The Holiday Inn Express Hotel in Halifax is one of a handful of Canadian hotels equipped with RFID room keys and locks, but interest in the technology is growing.


June 5, 2008  By Neil Sutton


For several years, magnetic stripe technology has been the norm for
hotel room keys, but the Halifax Holiday Inn opted for RFID (radio
frequency indentification) based on its superior ease of use.

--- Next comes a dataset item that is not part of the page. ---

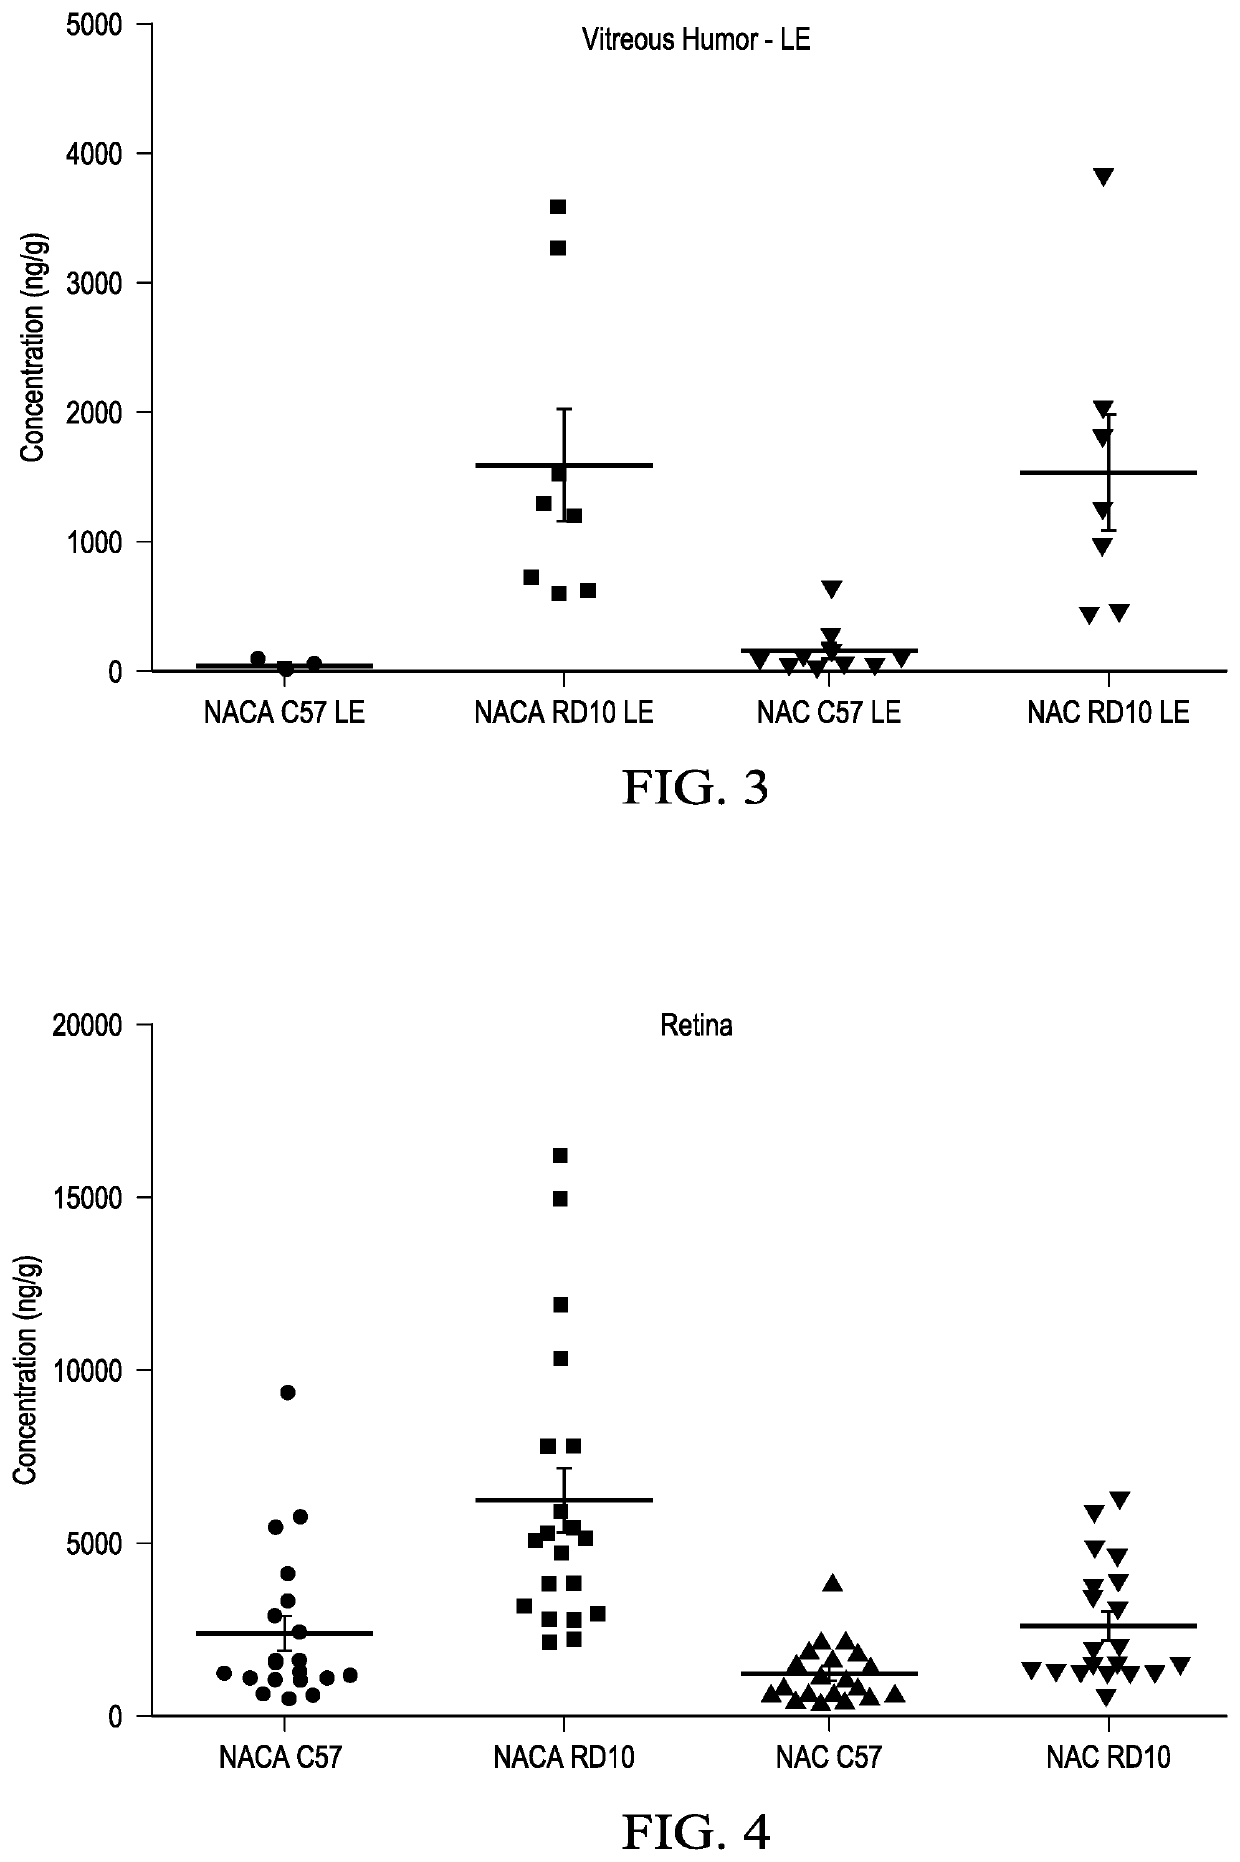 Treatment of Age-Related Macular Degeneration, Glaucoma, and Diabetic Retinopathy with N-Acetylcysteine Amide (NACA) or (2R,2R')-3,3'-Disulfanediyl BIS(2-Acetamidopropanamide)(DiNACA)
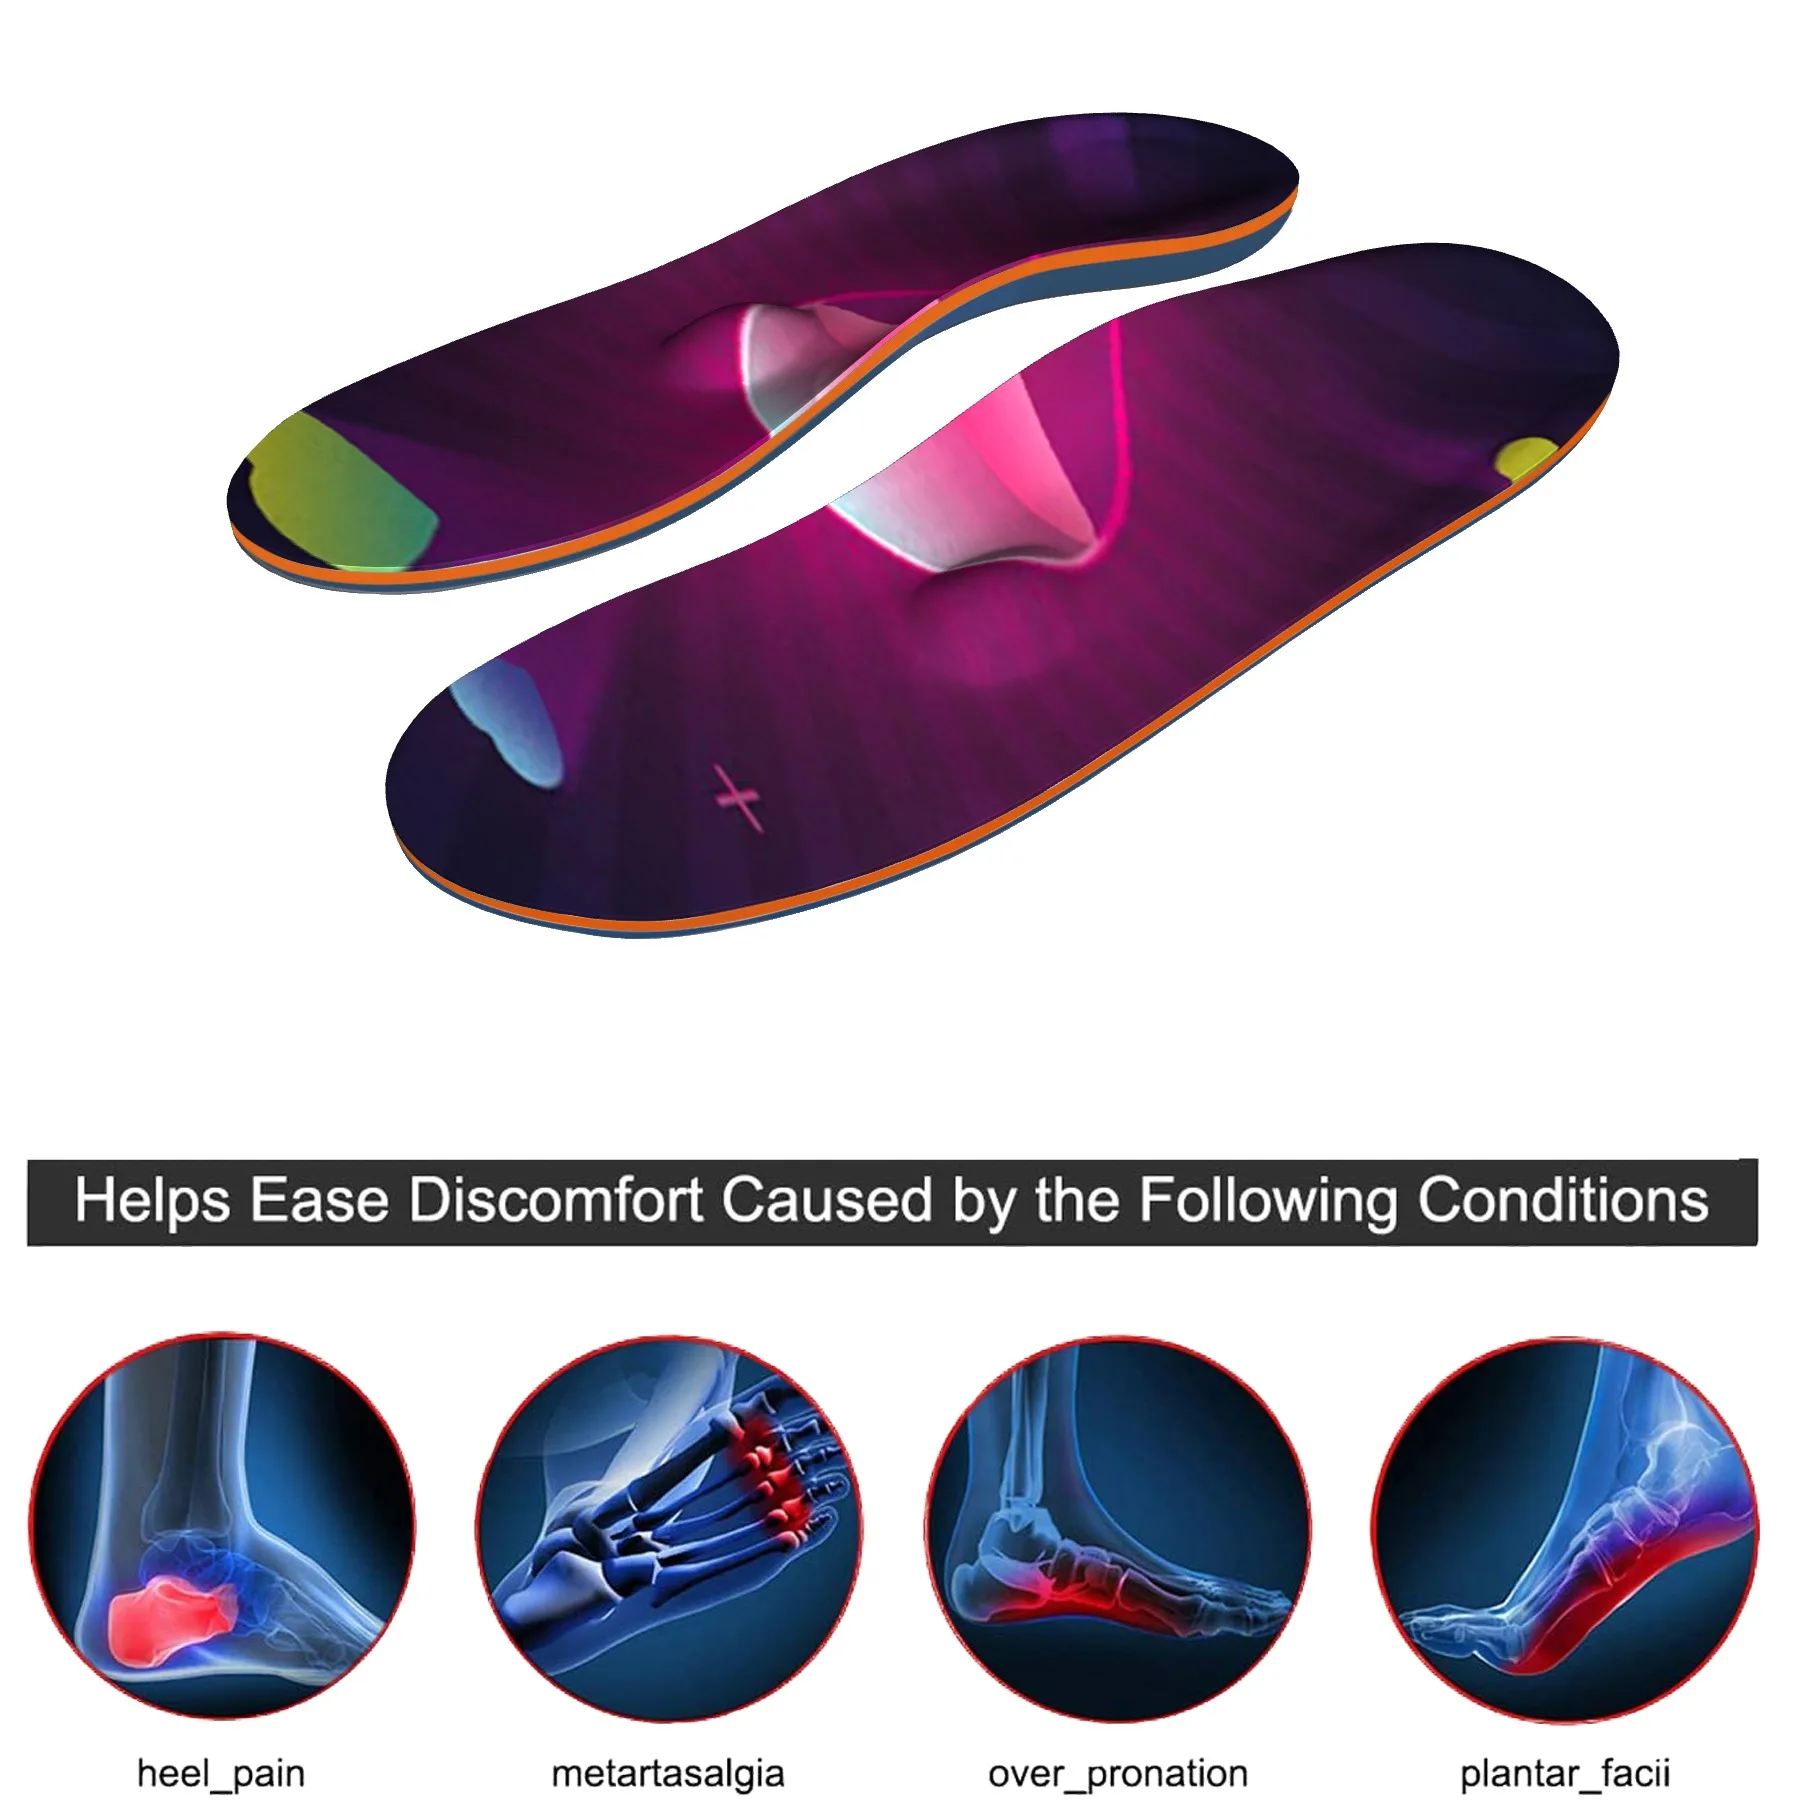 Plantar Fasciitis, Arch Support, Sports Soles, Flat Foot Pain, Heel Spurs, Orthopedic Pads, Orthopedic Insoles, Sports Shoes For

Mag stripe requires that a user slot a key into the lock, whereas with
RFID it’s only necessary to wave the key within a few inches of the
lock.

“There’s no programming issues, it’s so user friendly in terms of (card
use),” says Cheryl Ann Grigg, the hotel’s general manager. “You don’t
have to insert your card a certain way or pull out at a certain speed
to make sure that it works. It reads it from a good distance and from
either side of the key. It’s user-friendly, and that’s what’s most
important. We’re in the guest services industry and that’s what we’re
trying to do.”

Alastair Cush, product manager for ILCO, the company that manufactures
the keys and locks, says the hospitality industry is just starting to
catch onto the advantages of RFID. The Halifax Holiday Inn Express,
which opened in April of this year, is one of a handful of Canadian
hospitality customers currently using the technology, but ILCO expects
to sign up more. The company also has a significant and growing
customer base in Europe and the U.S. for its RFID solutions.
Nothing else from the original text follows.